§ **Problem statement**:
All of the data below should be printed again exactly, pictures excluded.

-------- Data below --------

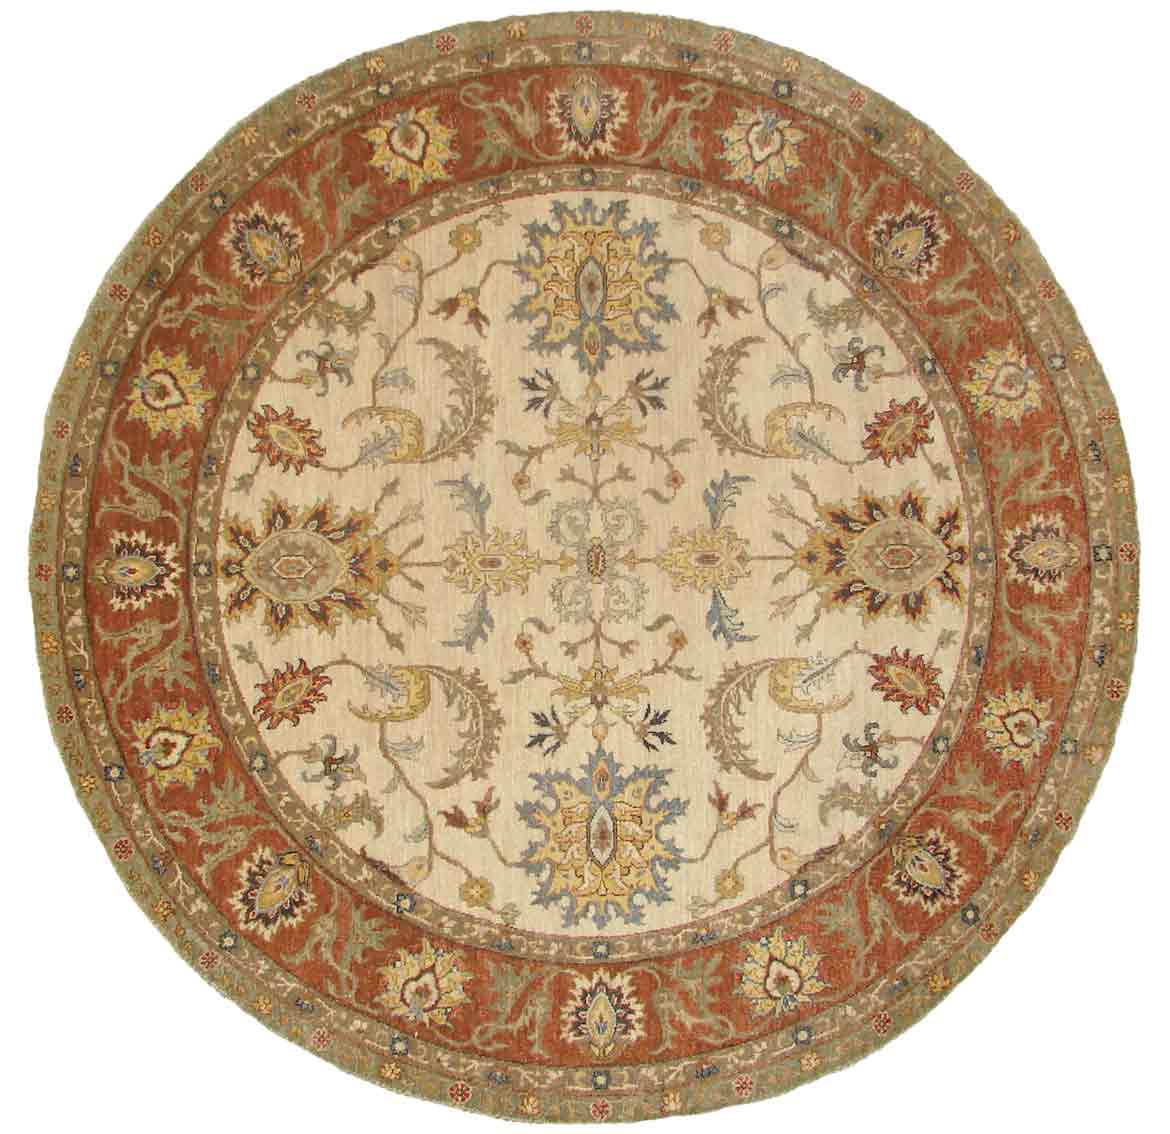 Round, Octagon & Square Rugs SULTAN 18673 Ivory - Beige & Rust - Orange Hand Knotted Rug
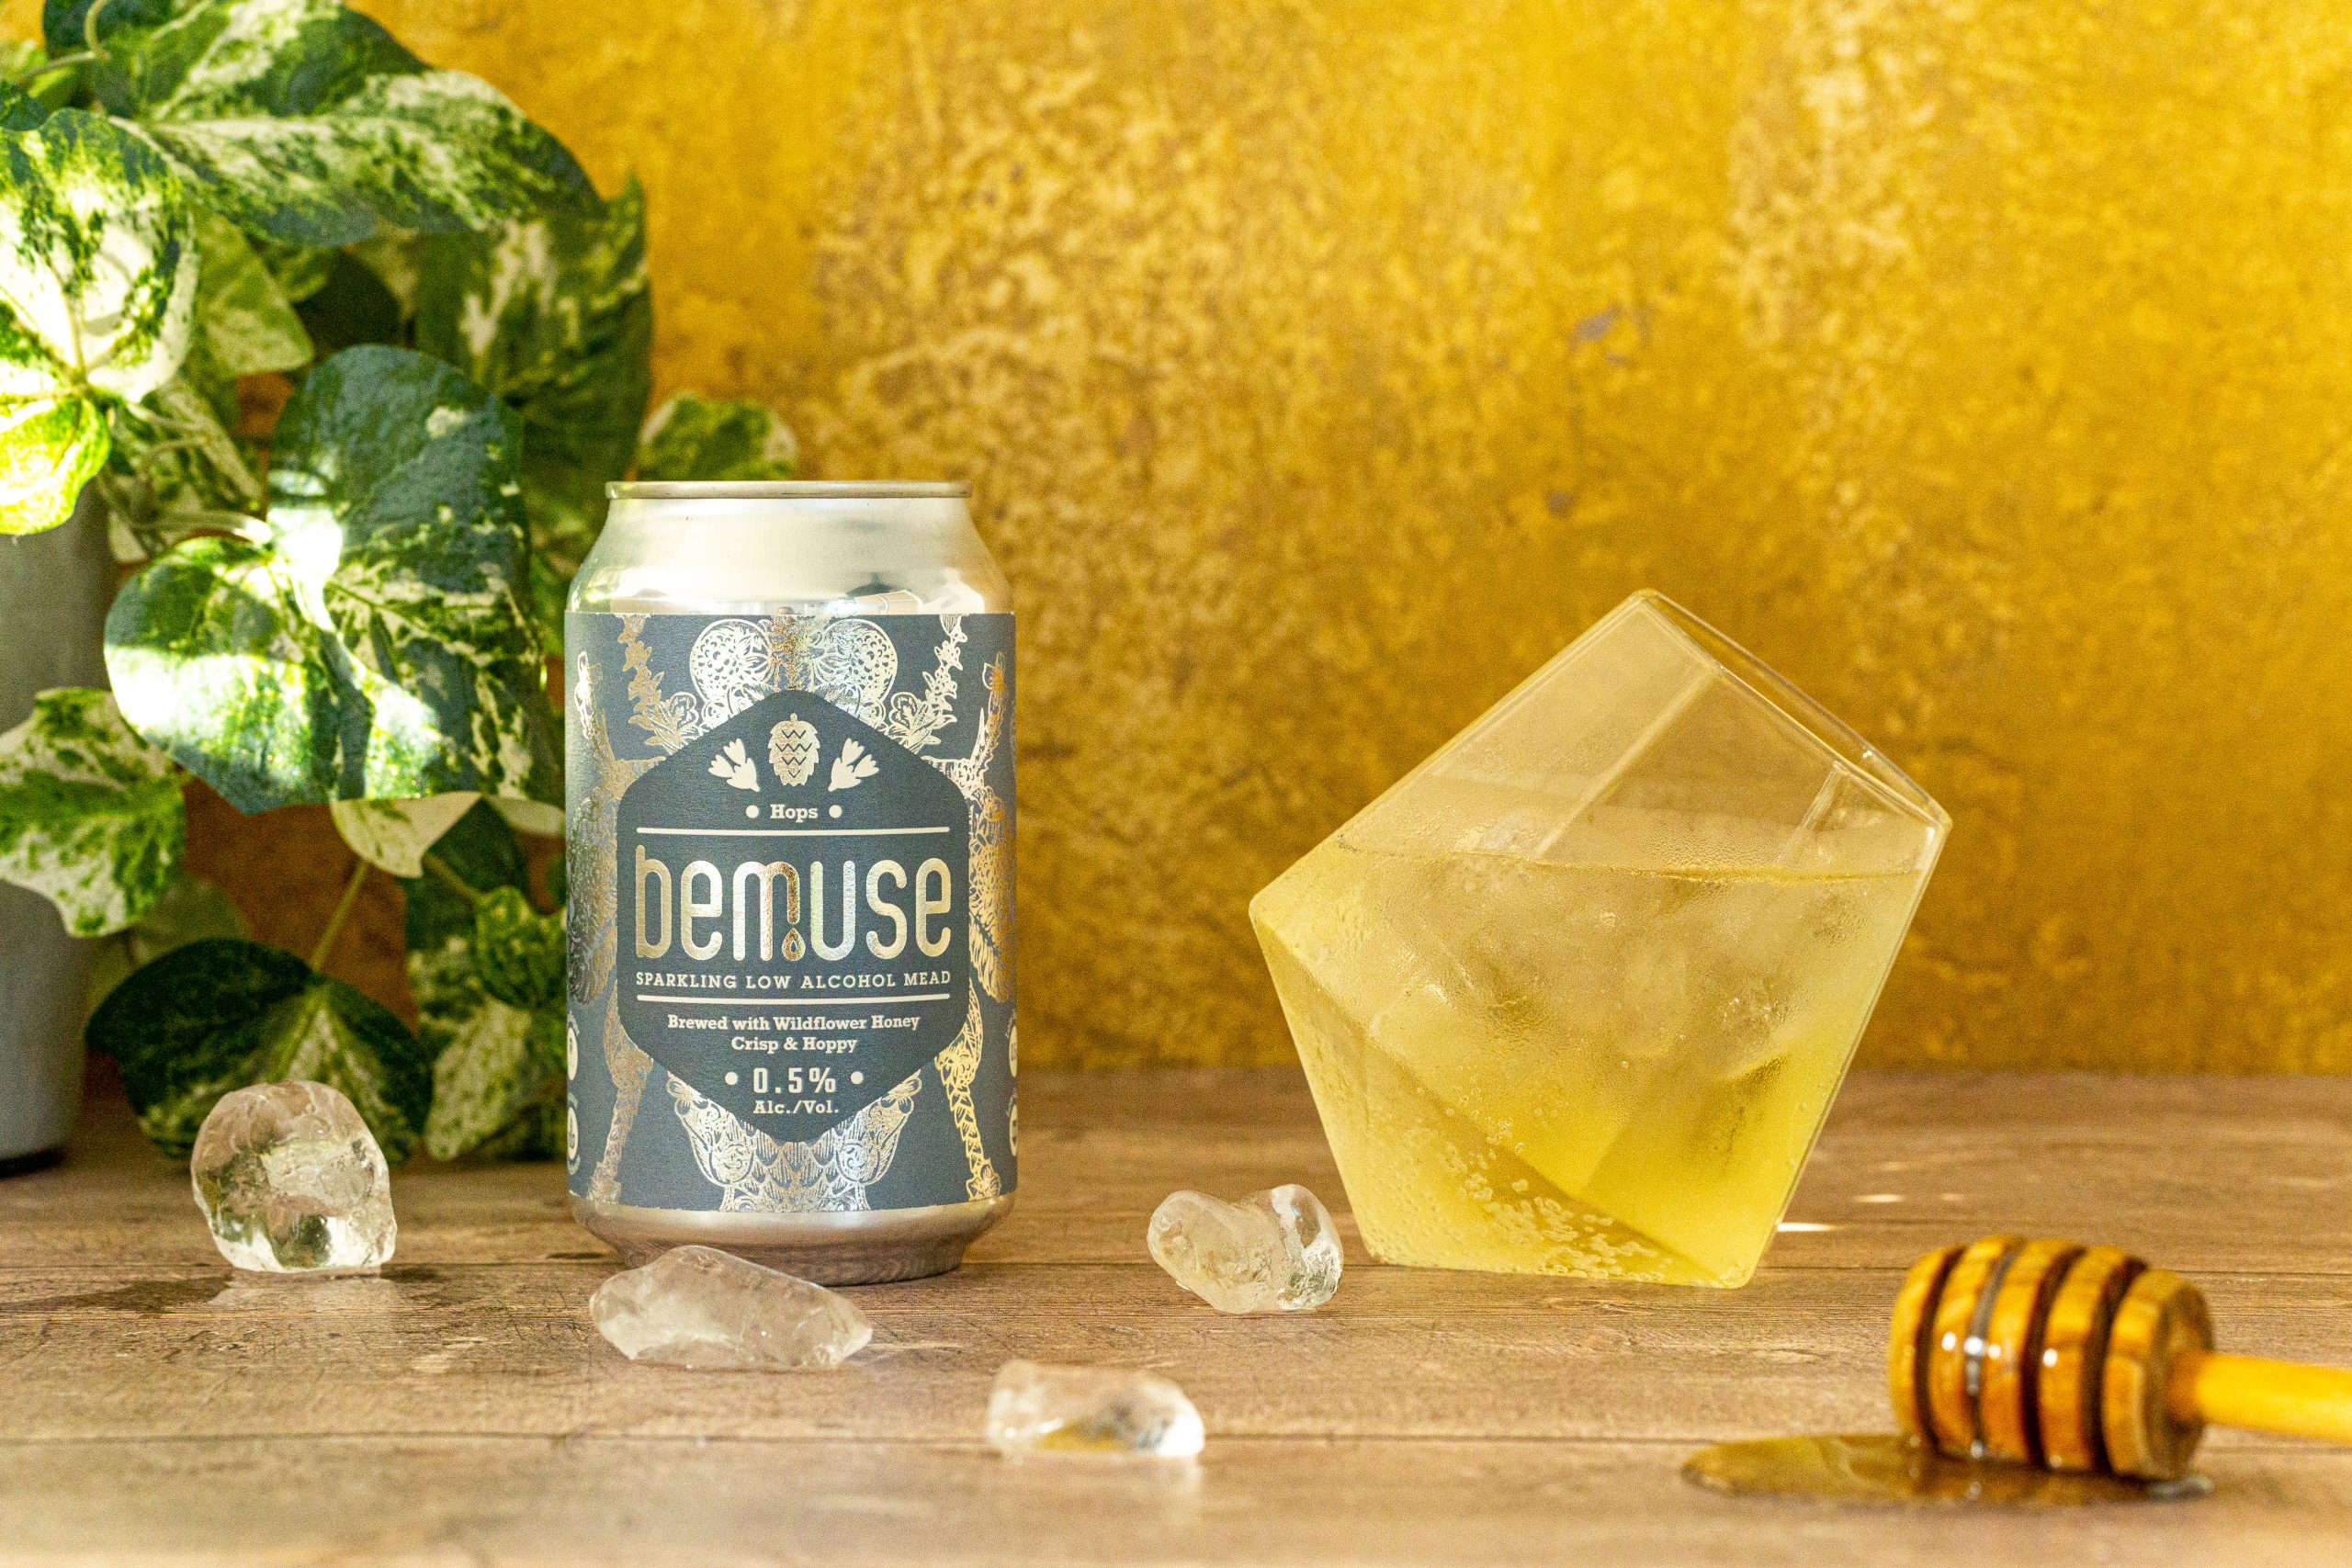 Bemuse low-alcohol craft mead wins at World Beverage Awards
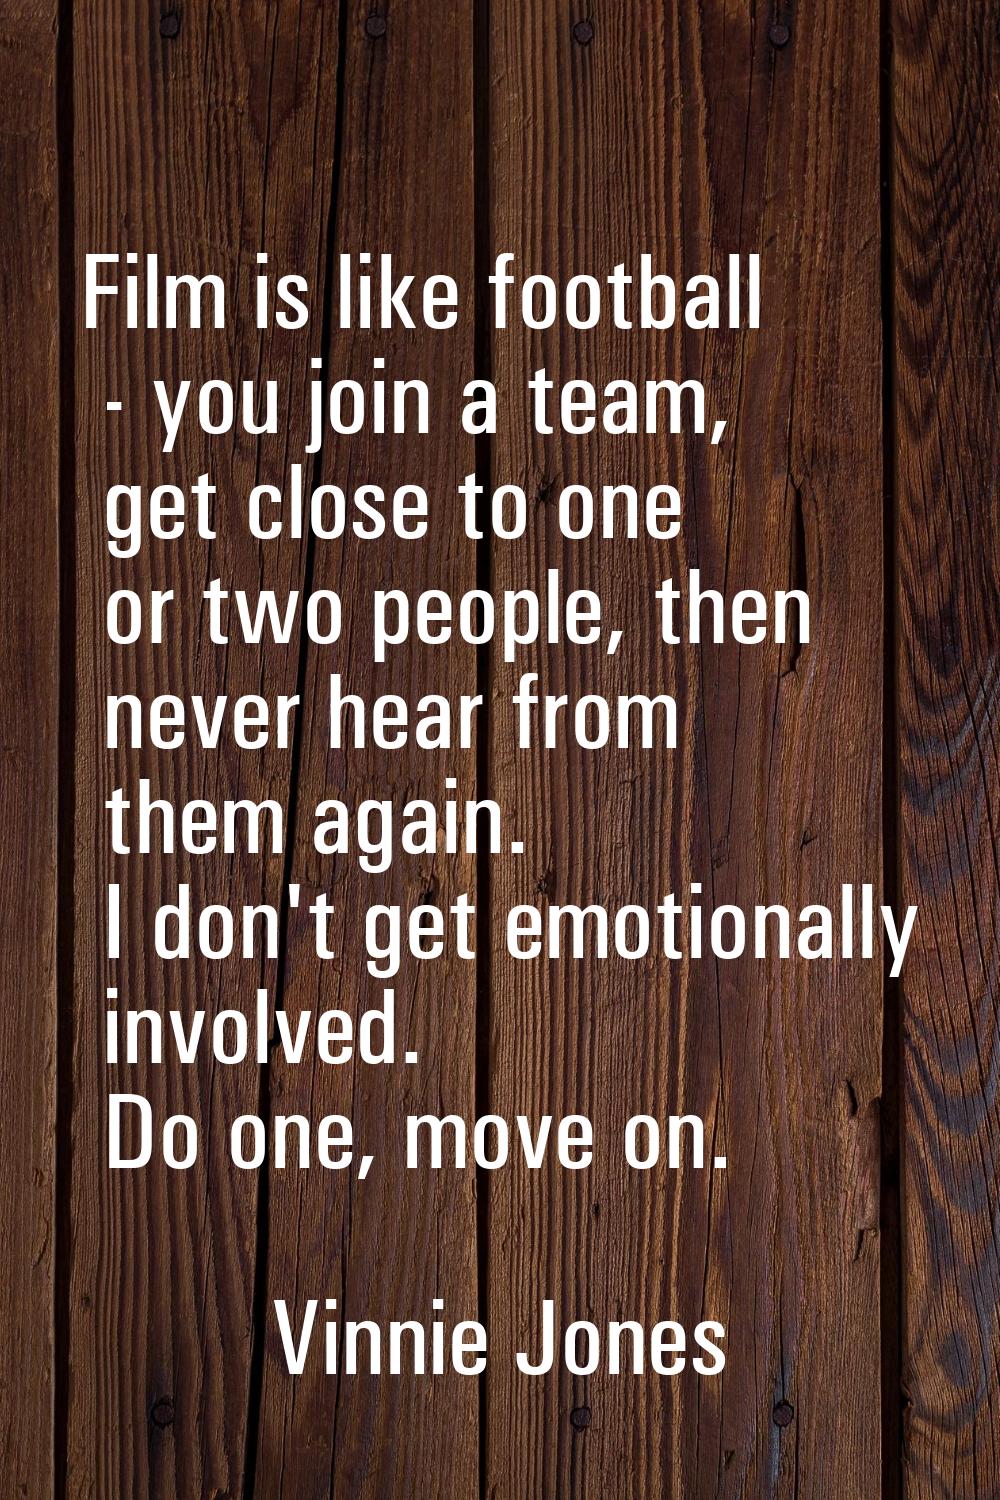 Film is like football - you join a team, get close to one or two people, then never hear from them

--------

§ **Output of the task**:
 Round, Octagon & Square Rugs SULTAN 18673 Ivory - Beige & Rust - Orange Hand Knotted Rug
 Bemuse low-alcohol craft mead wins at World Beverage Awards
 Film is like football - you join a team, get close to one or two people, then never hear from them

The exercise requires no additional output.